After a decade of putting growth ahead of investor returns, publicly traded oil and gas companies are learning a hard lesson about the importance of attracting and retaining value investors, said the CEO of ConocoPhillips.
Ryan Lance offered an assessment of his industry when it comes to rewarding investors. "I think shareholders are a little bit frustrated with the [exploration and production] industry," he said at industry conference CERAWeek by IHS Markit on March 6. "In most cases, it's an industry that has destroyed capital over the years."
Lance said the message became clear after seeing one producer after another get shelled by investors earnings seasons: Start making money or else. Conoco, which was trading at better than $54 per share, dropped as low as $42.10 per share in August 2017 after it announced its second-quarter earnings. "We're marking a path of capital discipline and returns over growth," he said. "I think we're trying to get value investors back. I think they left."

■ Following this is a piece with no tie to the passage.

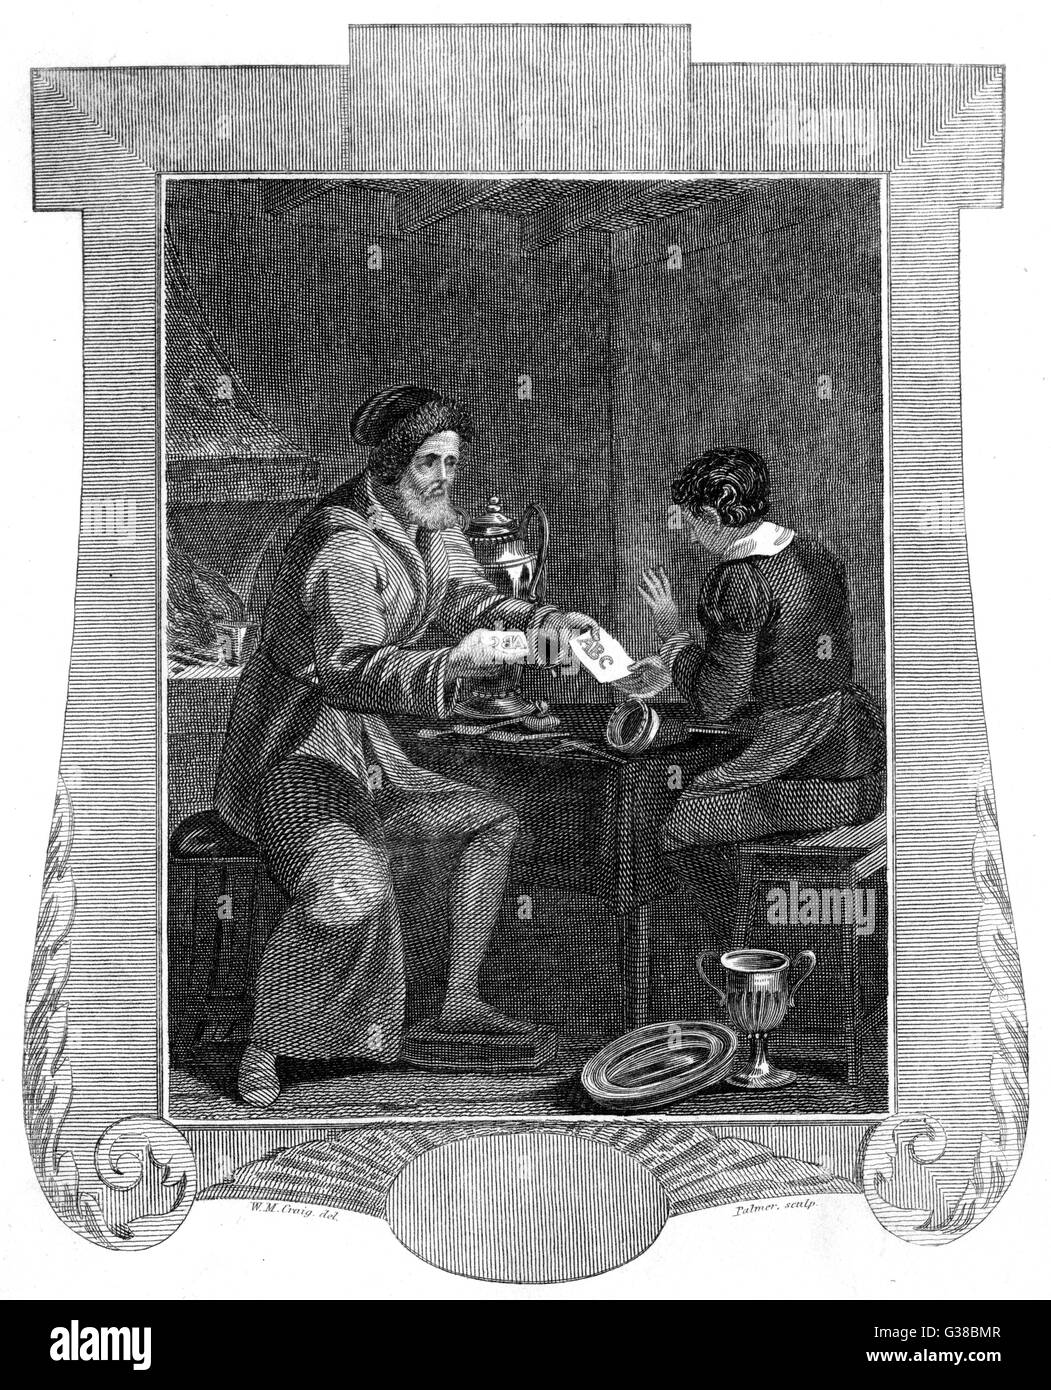 Le philosophe allemand Johann Faustus occulte était parfois crédité d'avoir inventé l'impression : ici il montre son épouse les lettres ABC imprimé à partir d'un bloc en bois Date : vers 1530 Banque D'Images

The attitude of many investors was to stay away from energy stocks entirely due to the lack of returns, Lance said. "Most of the ones we talk to are underweight on energy. Not by a little but by a lot."
Lance said Conoco now believes that it should return 20% to 30% of its positive cash flow to shareholders "off the top" and has worked hard to reduce costs to free up even more money.
"We're trying to drive that sustained capital as low as we can. If you get a low sustaining capital, you have a low sustaining price, and that's what we're trying to get to," Lance said. "Our sustaining price is below $40 per barrel, so we can return value to shareholders in a sub-$40 world."